One of the hardest things I have had to do is admit to myself that I was not ok, after 20 years of “self managing” (or should I say trying to ignore the issue) things hit a screaming halt in 2017, after about 6 months of crippling depression, suicidal thoughts and having a plan in place I finally admitted I needed help, more help than just myself could offer.
You know how I said the hardest thing was to admit to myself… well I was wrong the hardest thing is actually talking about it, telling someone else whats running though your head when its all so negative is some hard shit!
But I did it, I put aside my thoughts on talking to people about my problems and went and spoke to my doctor, actually I think it was more like broke down in tears in my doctors office (I’m sure she was a little bit like WTF?), and so down the mental health care plan path we went. My doctor was great and continues to be, she set things in motion, we tried medications (that was an epic fail for reasons I’m not actually ready to talk about, but lets just say my response to them wasn’t ideal, nor expected). We then set about seeking more specialised help, yep folks she referred me to a psychiatrist, so if it wasn’t bad enough just speaking to my gp, we had to go down the path of a shrink! I’ll be honest at about that point I thought screw this, I’ll be fine, I don’t need this anymore. But alas I sucked it up and was a good girl, went and started my visits with the psychiatrist. That alone was a challenge, I started with a doc that I saw for about 6 months, was medicated, the meds worked to an extent, I believed that baseline was gonna be what it was, I was still depressed, but at least I wasn’t suicidal that I figured was a win. But then she went on leave and didn’t come back to work, so I found another doc, he sucked, honestly I didn’t mesh well with him, and I found him rather insensitive and felt like he didn’t actually care what was going on, thankfully (kinda) he also left the practice without warning and TBH I was like good! But then I had to start again… this time I found a great doc, at the end of our first session she was like – med change, these current meds not only aren’t working effectively they also have crappy side affects. So we changed meds to 1 simple little tablet, that at the moment is working a treat.
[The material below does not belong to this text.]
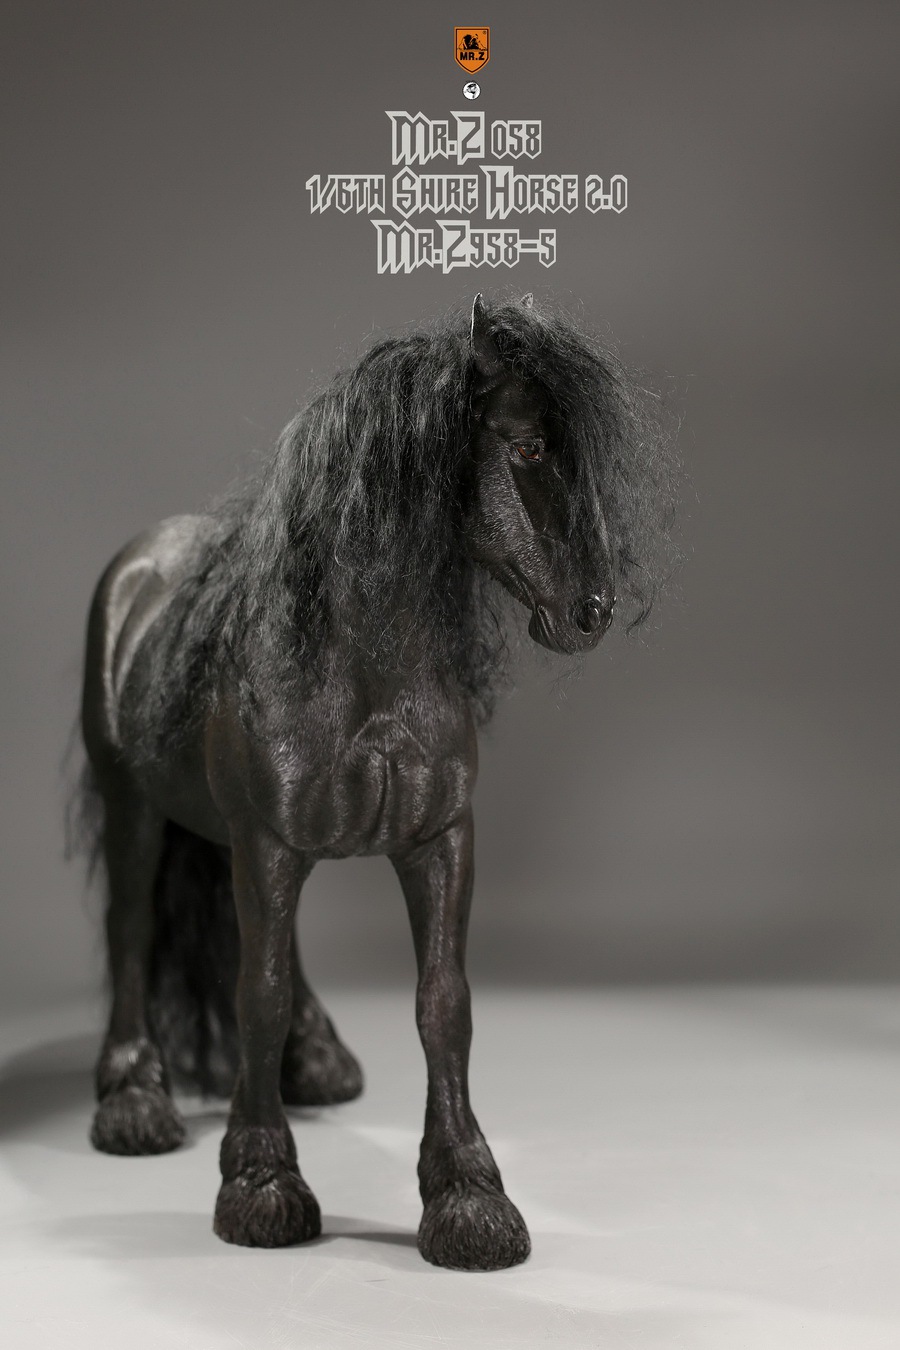 Mr - NEW PRODUCT: MR. Z: 58th round-Shire Horse 2.0 version full set of 5 colors  08575812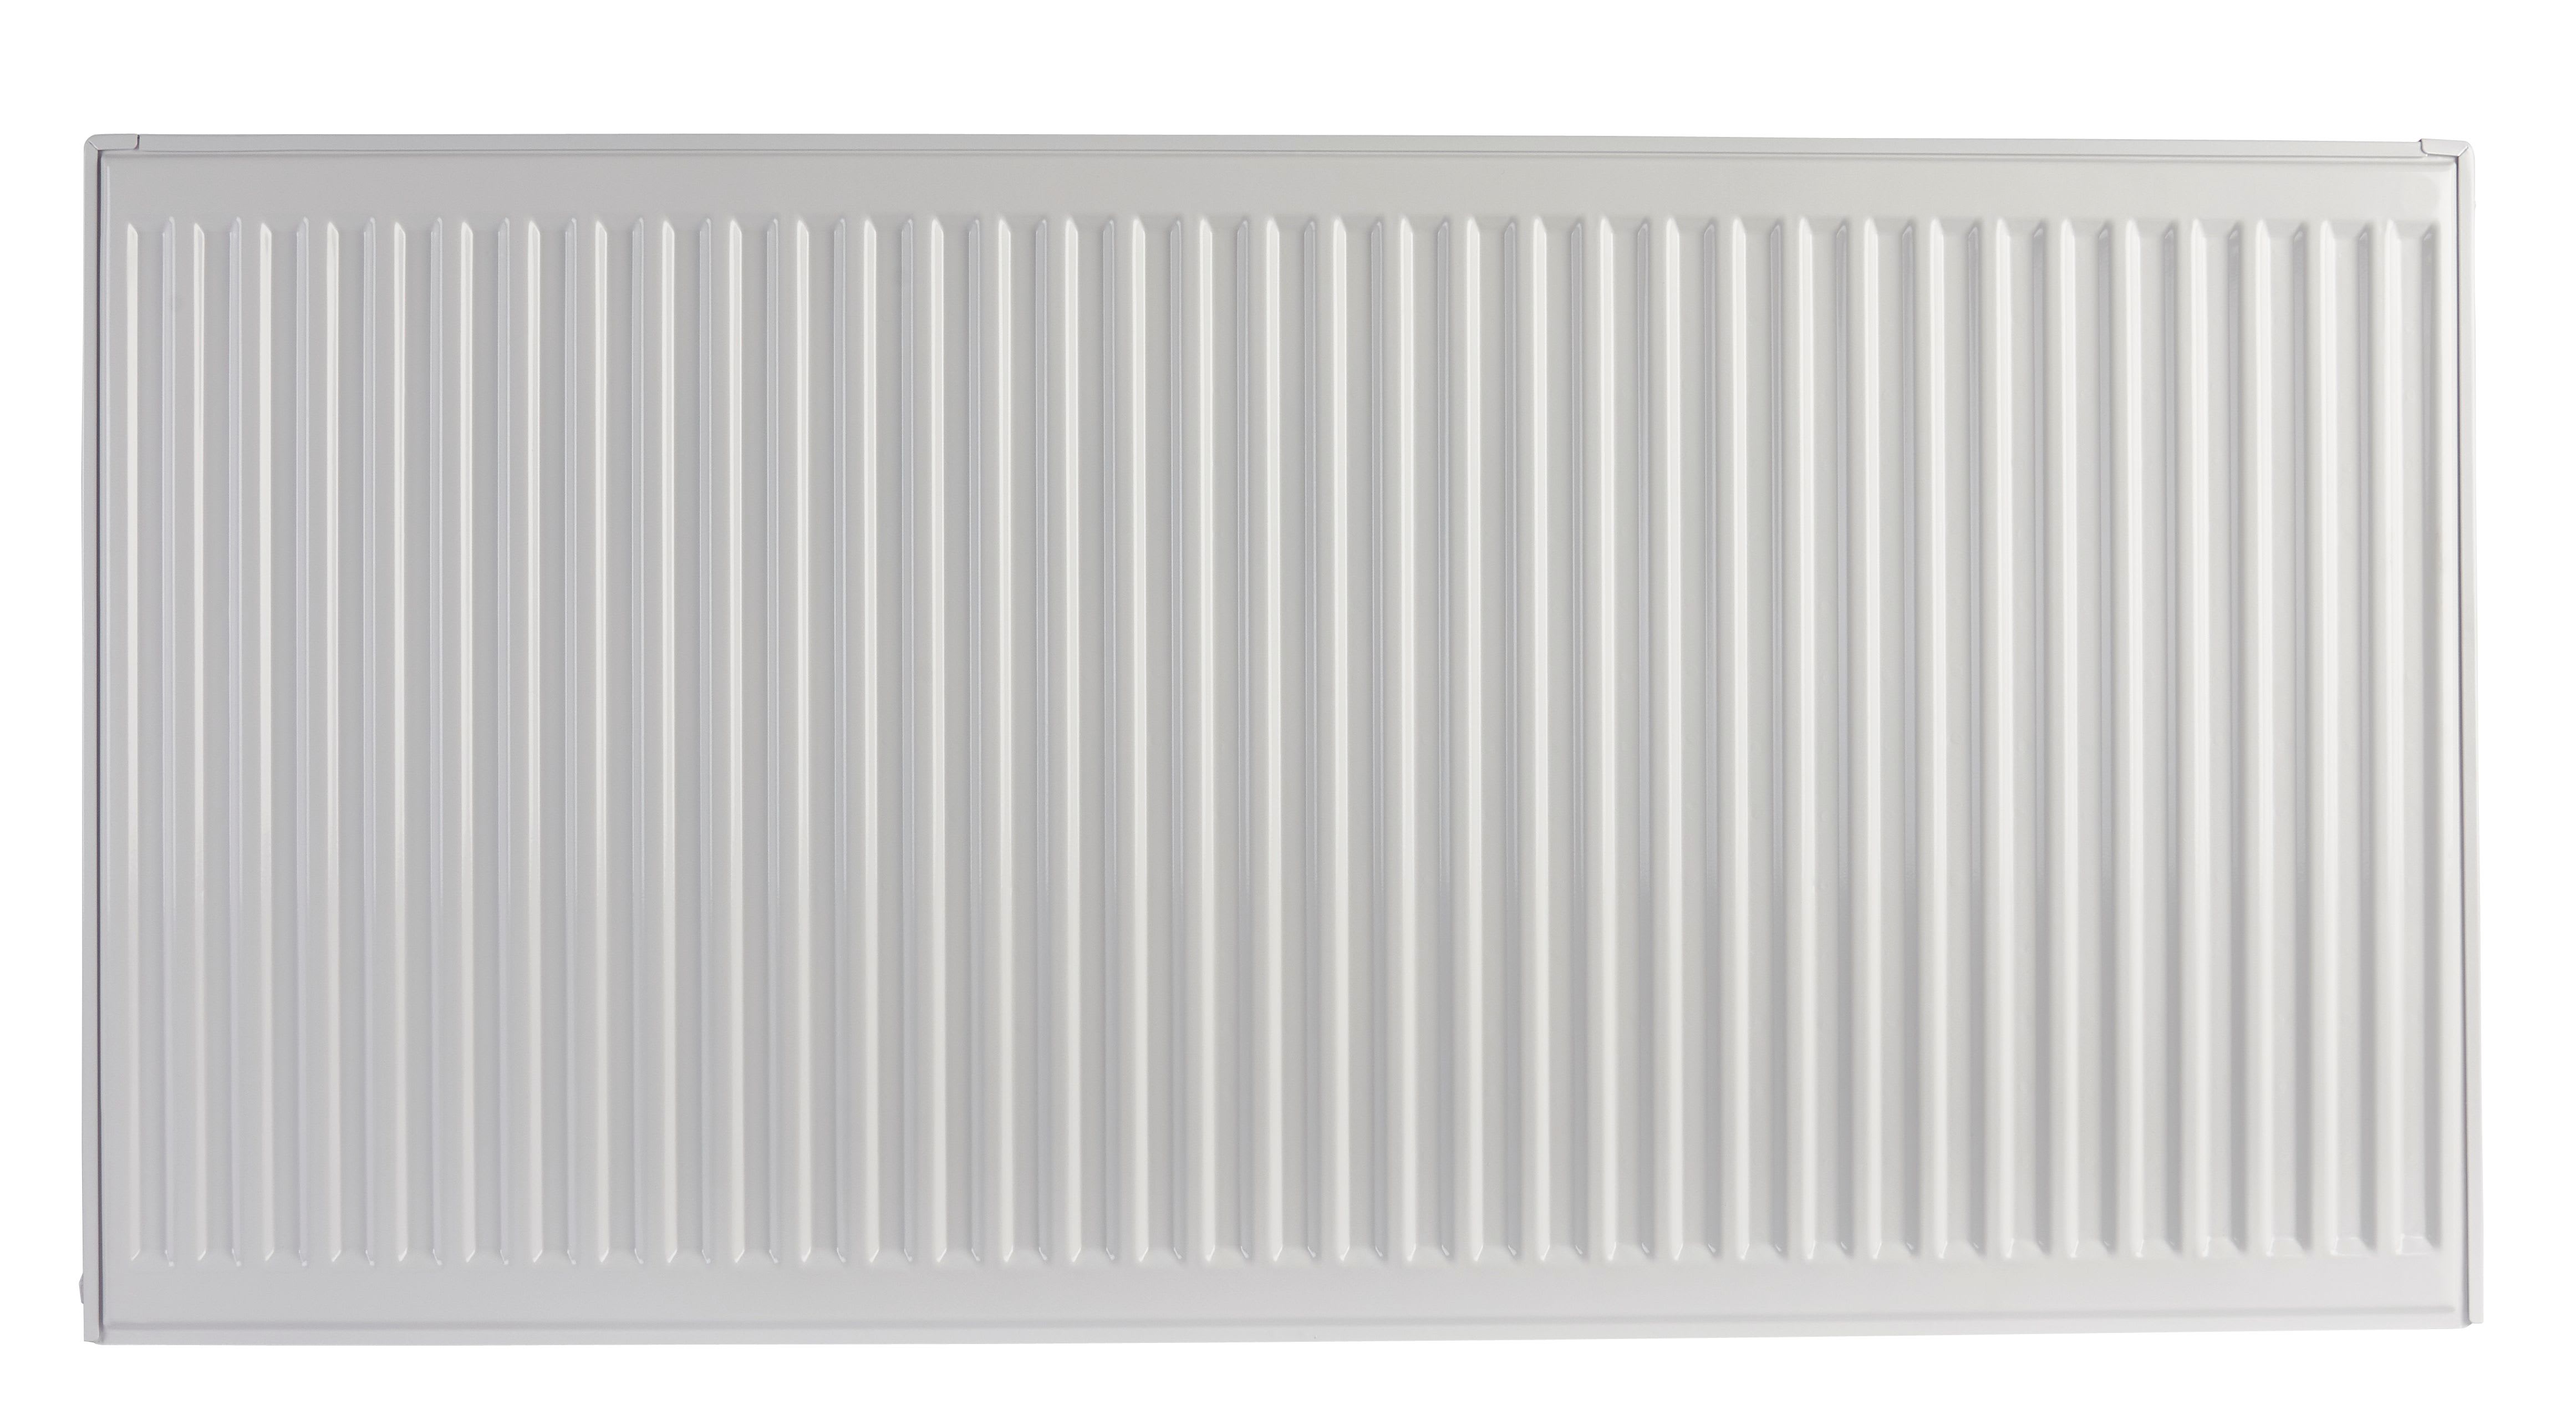 Double Panel Type 22 700x1600mm & 700x1800mm Central Heating Radiators

I also started seeing a psychologist, she was great, we worked though some good stuff… and then she… can you guess? yeah she left too… at about that stage I was starting to feel a little rejected and like why am I even bothering. Sadly I’m still jilted by the psychologist leaving and haven’t pursued a new one yet, despite both my gp and psychiatrist telling me I need to. So I’m not completely a perfect patient… I will do it, cause even with this brilliant little tablet I’m not cured, and have some anxiety issues to still work through and other stuff, but I just need to rebuild my trust in these people first.
So in short I went from a anti professional help and medication person to someone who depends on these things to get through my every day life. And you know what? Today I wouldn’t have it any other way.